Damit der Neubau die benachbarten Gebäude nicht überragt, wird er 4,50 Meter tief in den Boden eingelassen. Dafür muss zunächst eine fünf Meter tiefe Baugrube ausgehoben werden. Wegen der beengten Platzverhältnisse wird sie mit Spundwänden gesichert. Bereits im November sollen entlang der Straße Rebenfeld Bäume gefällt werden, die der Baustelle weichen müssen – dafür wird später Ersatz gepflanzt. Fernwärmeleitungen haben die Stadtwerke bereits 2025 und im ersten Halbjahr 2026 verlegt.

Die Detailplanung des Bauablaufs sei Sache des künftigen Generalunternehmers, erklärt Thiele-Effertz. Die Stadt rechnet mit 18 Monaten Bauzeit, der Neubau könnte also im November 2028 bezugsfertig sein. Die provisorischen Klassencontainer auf dem Schulgelände sollen später abgebaut werden.

Auch die Schulhöfe in Fischenich werden umgestaltet

Von Oktober 2028 bis Februar 2029 sind Umbauten in den Altbauten vorgesehen. Auch hier sollen Klassenräume zu Clustern gruppiert werden. Bis Ende April 2029 werden schließlich die drei Schulhöfe saniert und neu gestaltet. Die Gesamtkosten für das Projekt beziffert die Stadt auf 27,1 Millionen Euro.

Um die Belastungen für den Schulbetrieb während der Bauzeit gering zu halten, wurde bereits in der Planungsphase ein Baulogistiker beauftragt. An- und Abtransporte sowie besonders lärm- und staubintensive Arbeiten sollen möglichst begrenzt und mit der Schulleitung abgestimmt werden.

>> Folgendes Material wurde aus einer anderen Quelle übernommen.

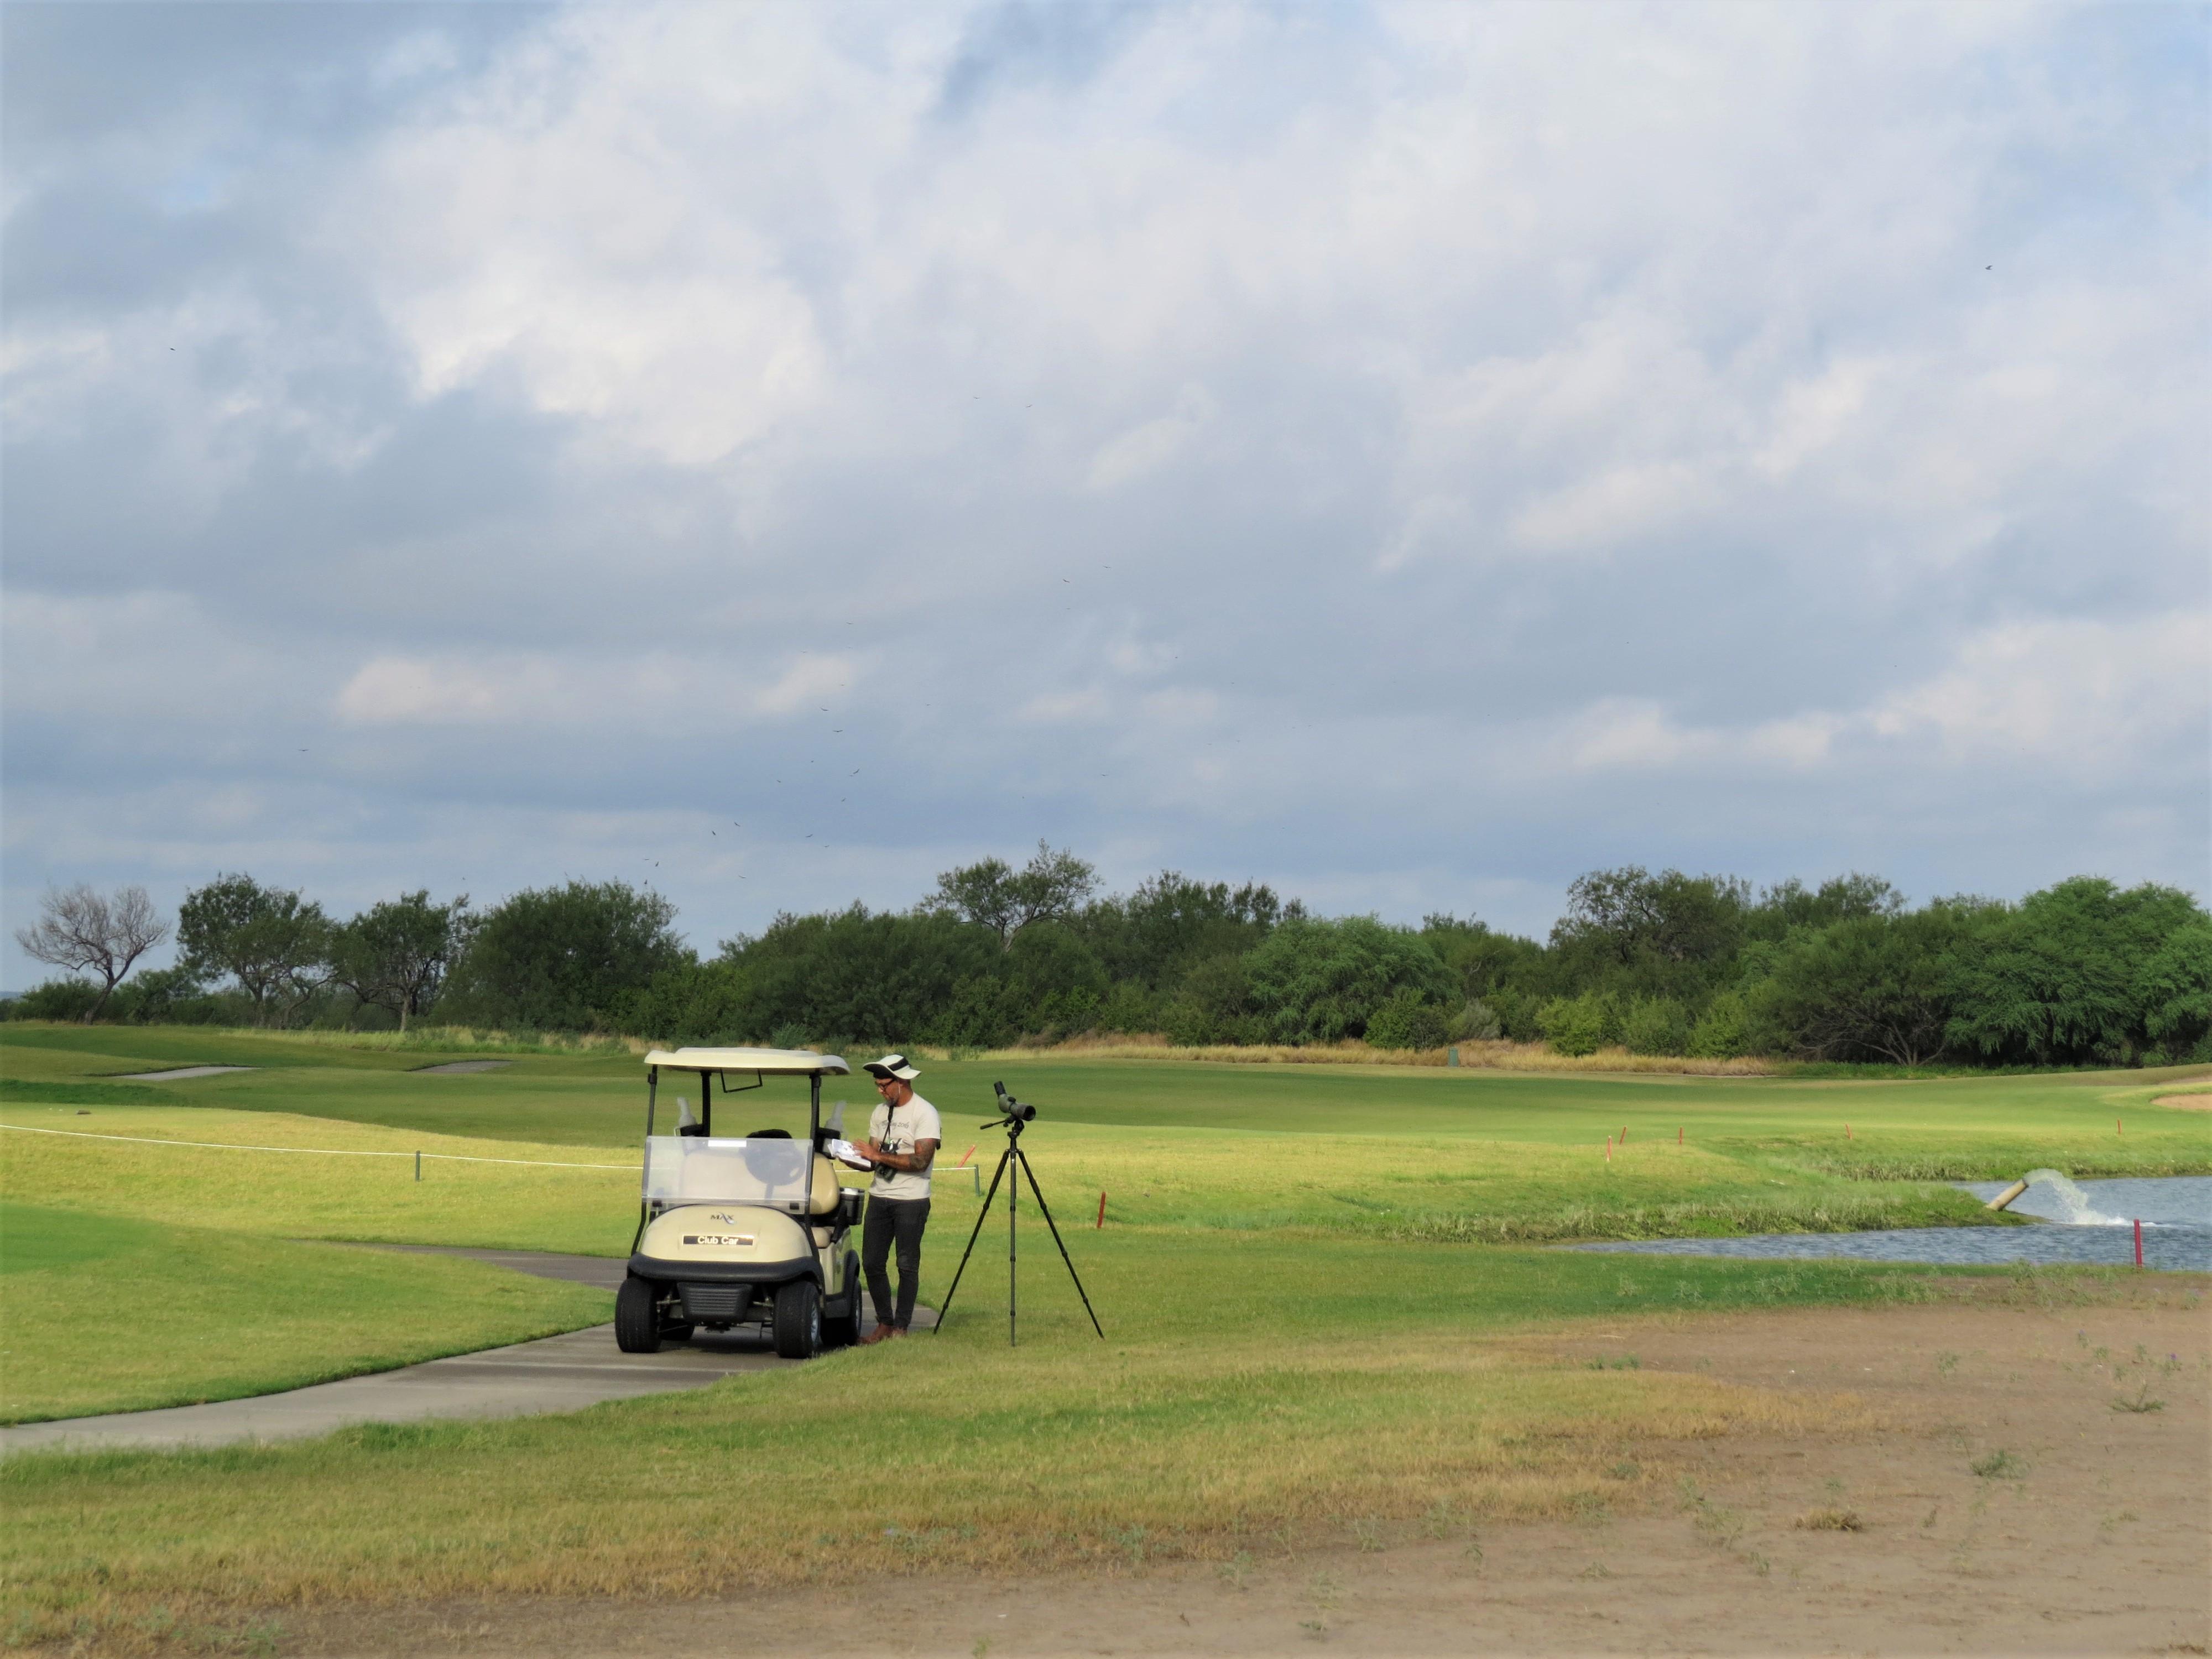 Birding by golf cart
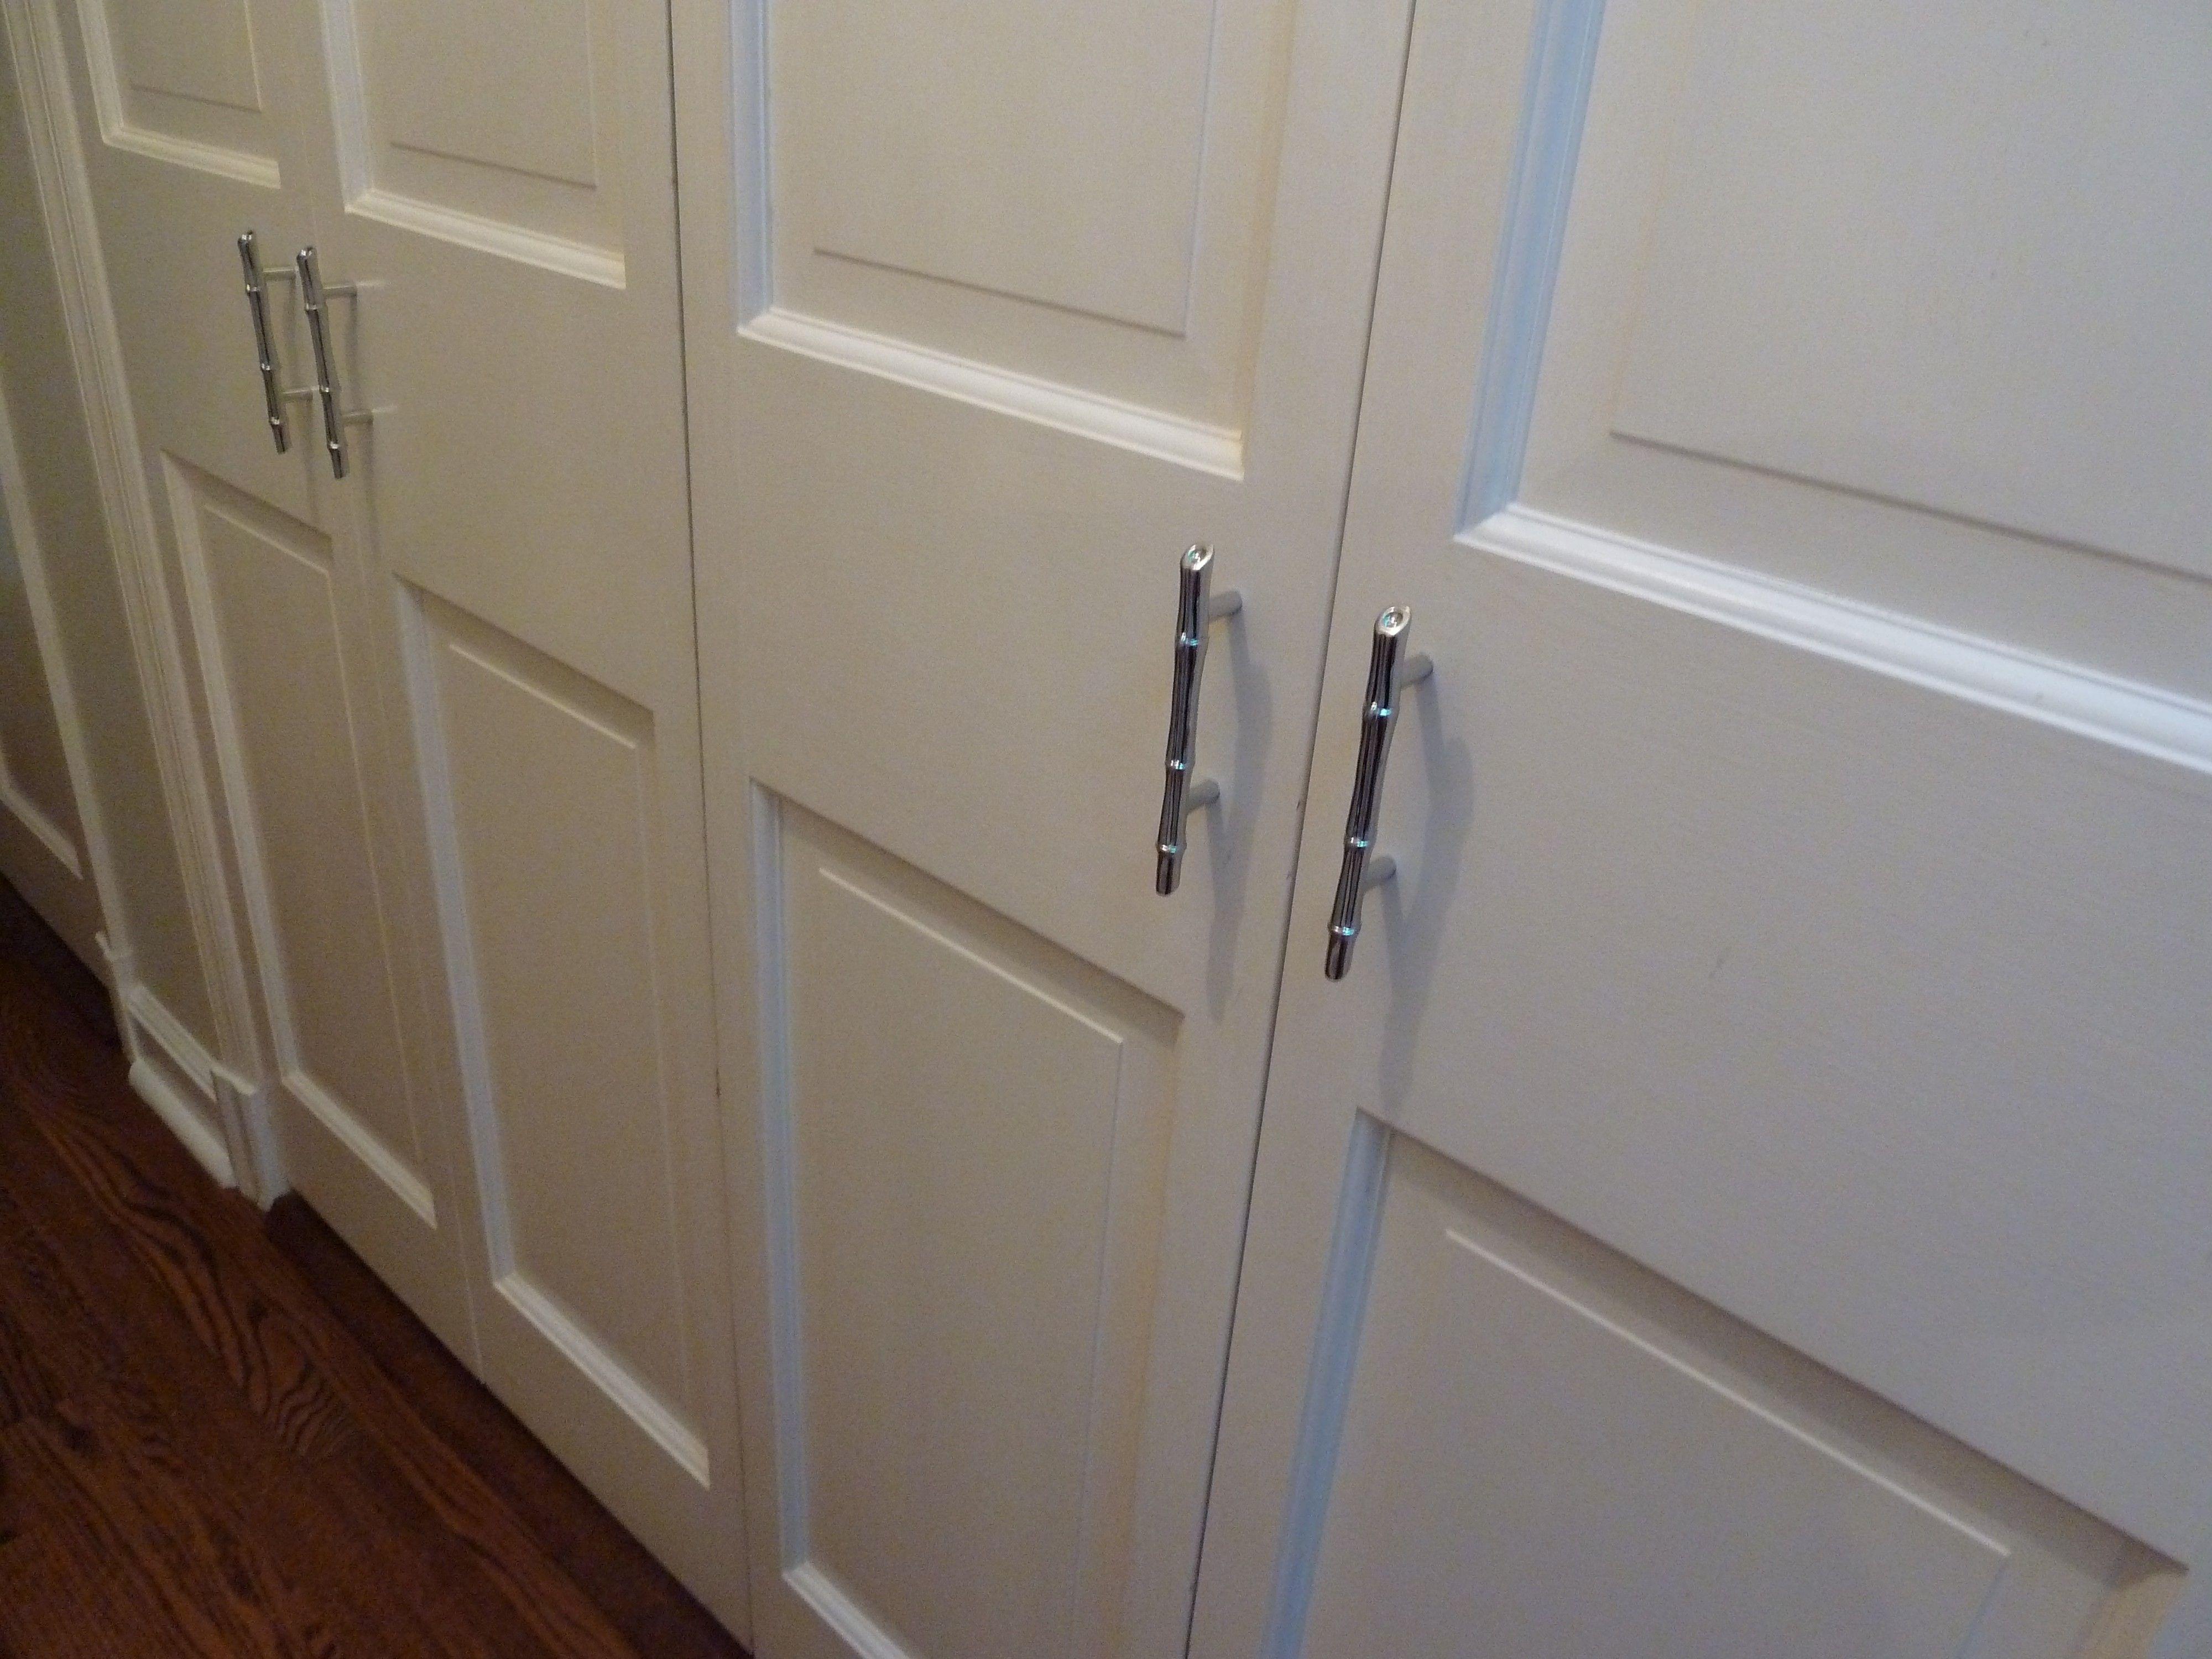 Image Result For Pulls For Bifold Doors Modern Closet Doors Closet Door Handles Sliding Mirror Closet Doors

Weil der obere Schulhof zu einem großen Teil für die Baustelleneinrichtung benötigt wird, muss auch die Dorfgemeinschaft mit ihren Festen auf die unteren Schulhöfe entlang der Straße Am Druvendriesch ausweichen. Ortsvorsteher Norbert Gräfen nimmt das gern in Kauf. Seit der Schließung des Saals Hülsenbusch vor zehn Jahren fehle in Fischenich ein ausreichend großer Raum für Veranstaltungen, etwa zu Karneval. „Wir hoffen, dass wir die übernächste Proklamation im neuen Saal feiern können“, sagt Gräfen.